It IS rocket science – and we CAN all do it

I am very proud of my new felt bookmark. It is a visible and tangible reminder of the recent NCGS conference I attended in the U.S., and I have taken great delight in the past few days in showing it to friends, family, acquaintances and, in my enthusiasm, sometimes complete strangers. It consists of two pieces of felt – one purple, one green, held together by a central machine stitch, on to which I – as part of a hands-on session at the conference – stitched a flower design around two LEDs linked in series to a battery with conductive thread.

When you switch the battery on, the lights – which I placed at the centre of the two flowers – come on; when you switch the battery off, the lights go off. Simple as we may think it, it is a thing of wonder. Switch on and the light illuminates; switch off and the light disappears. How this happens is, of course, through a combination of materials (invented by humans) and human logic. A battery, conductive thread and two small LEDs are lined up in order so that the thread connects positive output to positive output and avoids crossing over itself so as to keep the integrity of the connection … simple circuitry that we learn in school.

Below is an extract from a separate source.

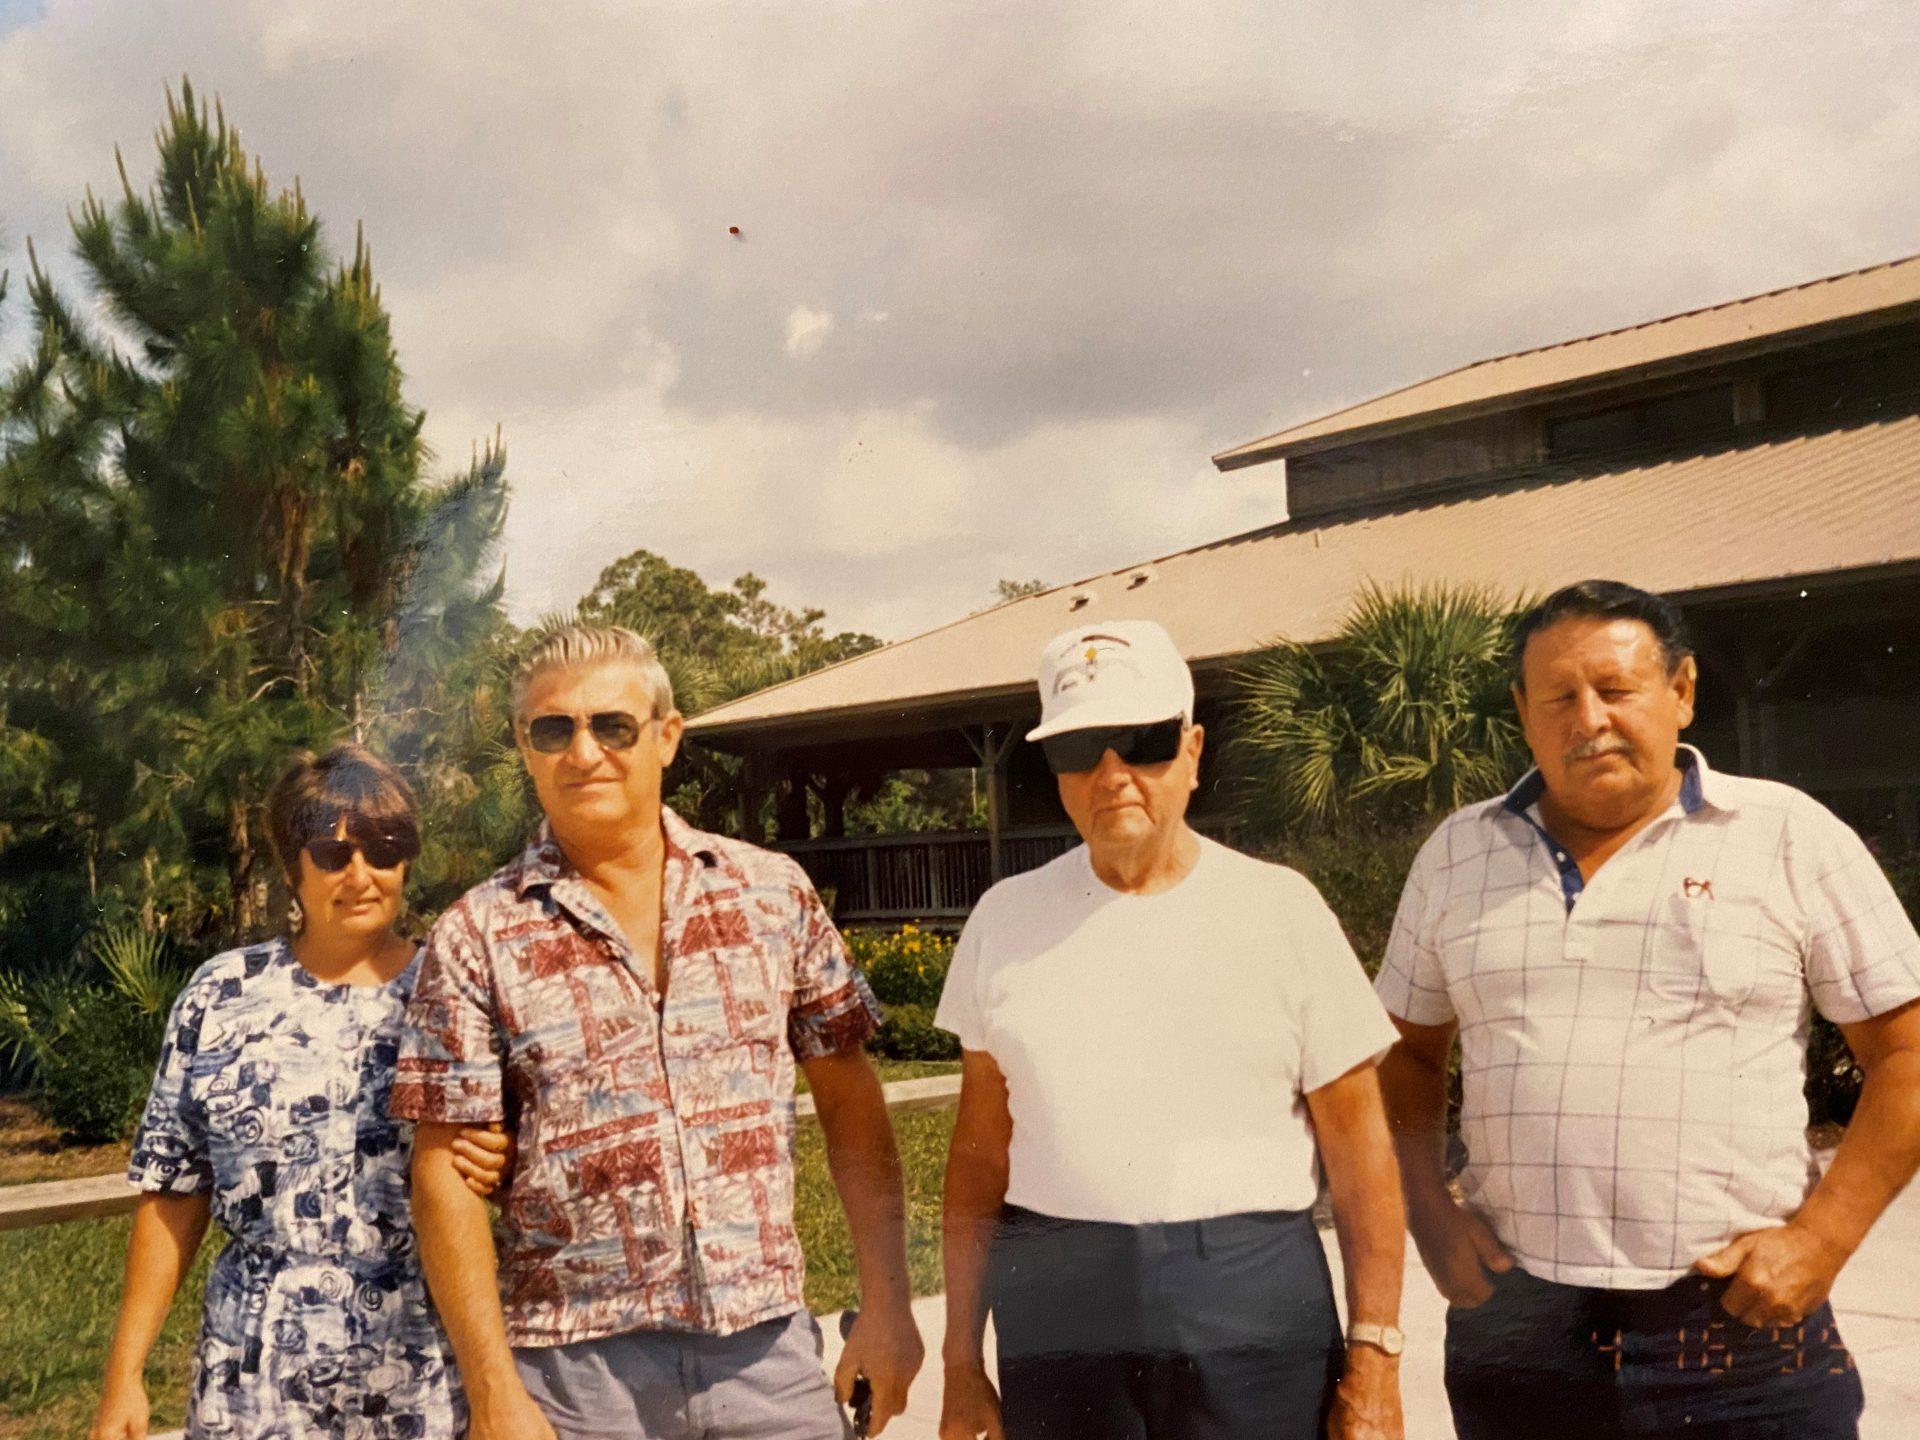 Jackie Simpson Hollman, AJ Hollman, John Simpson, Bobby Simpson

And yet that too is a thing of wonder – that at some point in the not-too-distant past, human beings used their logic and creativity not only to work out how to make electricity flow, and to then to design the materials that would replicate this many, many times over, for other human beings to use, and then to extend its use so that rockets could go to the moon, amongst other things; but also to identify that this was something that young human beings should learn in the places – schools – that yet more human beings had collectively decided were essential for teaching human beings how to engage their own innate logic and creativity to allow them to build on the discoveries and inventions of previous eras and to take the knowledge of the world forward, so that even more people can benefit in the future.

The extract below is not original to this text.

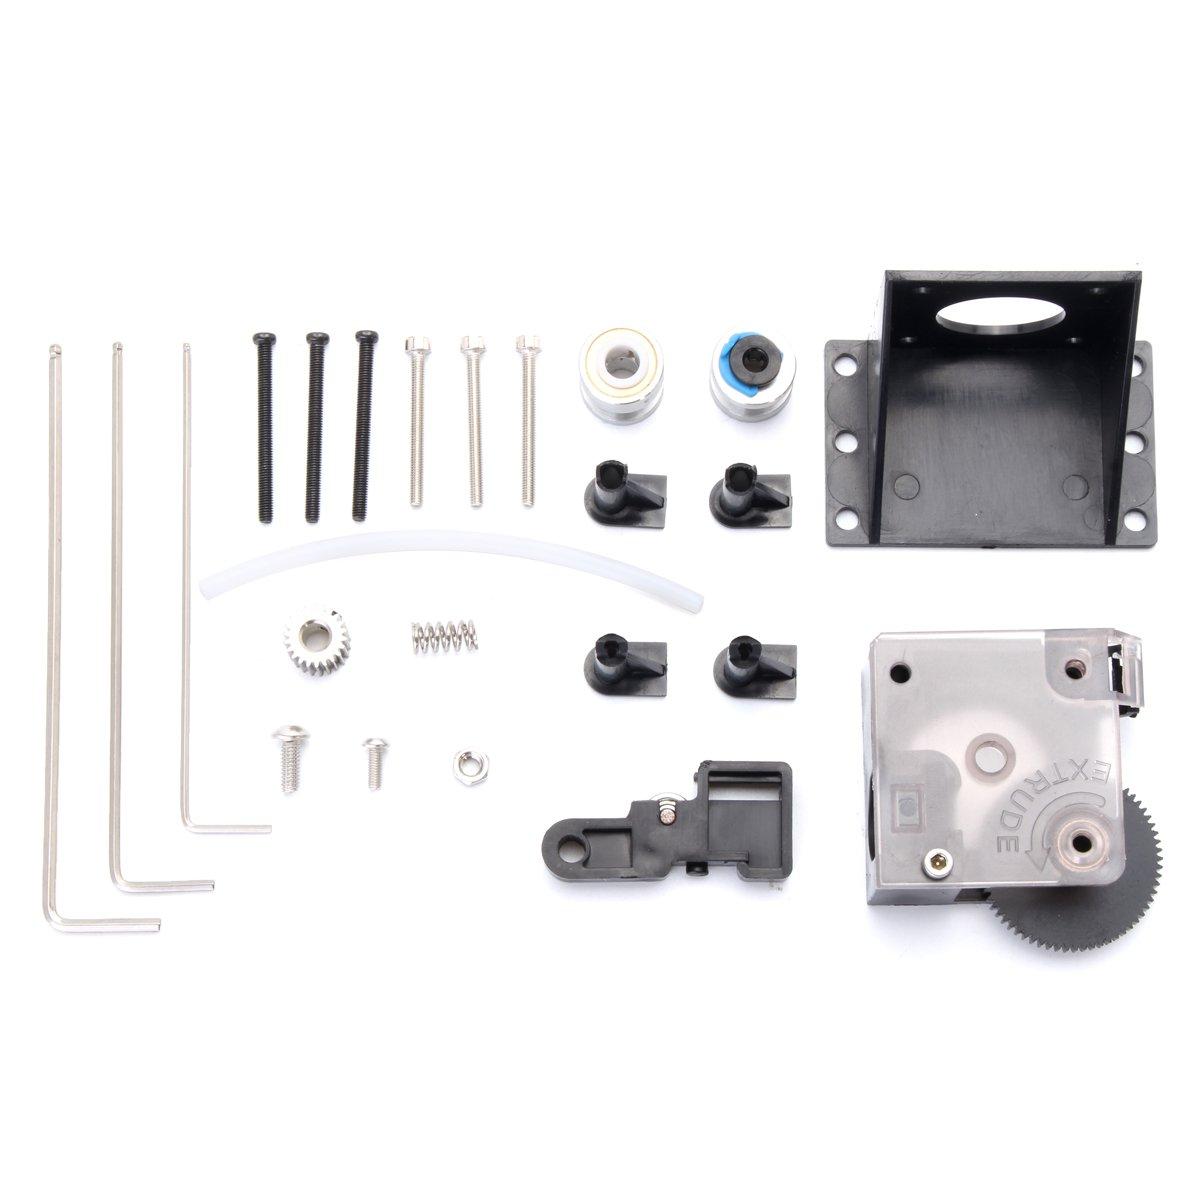 Kit de extrusor de titanio para impresora 3D de Hitsan para 1,75 ...

We take so much of what is around us for granted. In fact, sometimes we take it so much for granted that we forget that it is ordinary people who have invented, built and developed so much of what we have and use. And if they could do it, so can we, and so can our children. As we teach our children about the knowledge we have garnered over centuries, we also need to teach them that these inventions prove that they absolutely have it within themselves to invent, create, develop and build.

Electronics, technology and computers – real ‘rocket science’ – are not too complex or beyond the grasp of the normal child or adult. They are all built on simple human logic and creativity, and we can all understand and develop them further. Teaching coding in schools is not something to be afraid of or to resist as difficult and unusual – it just reminds us that computers would not exist without us, and that we have entirely within our grasp the capacity to build the next steps in the future of technology that will help make a difference in our world.

And that truly is a thing of wonder.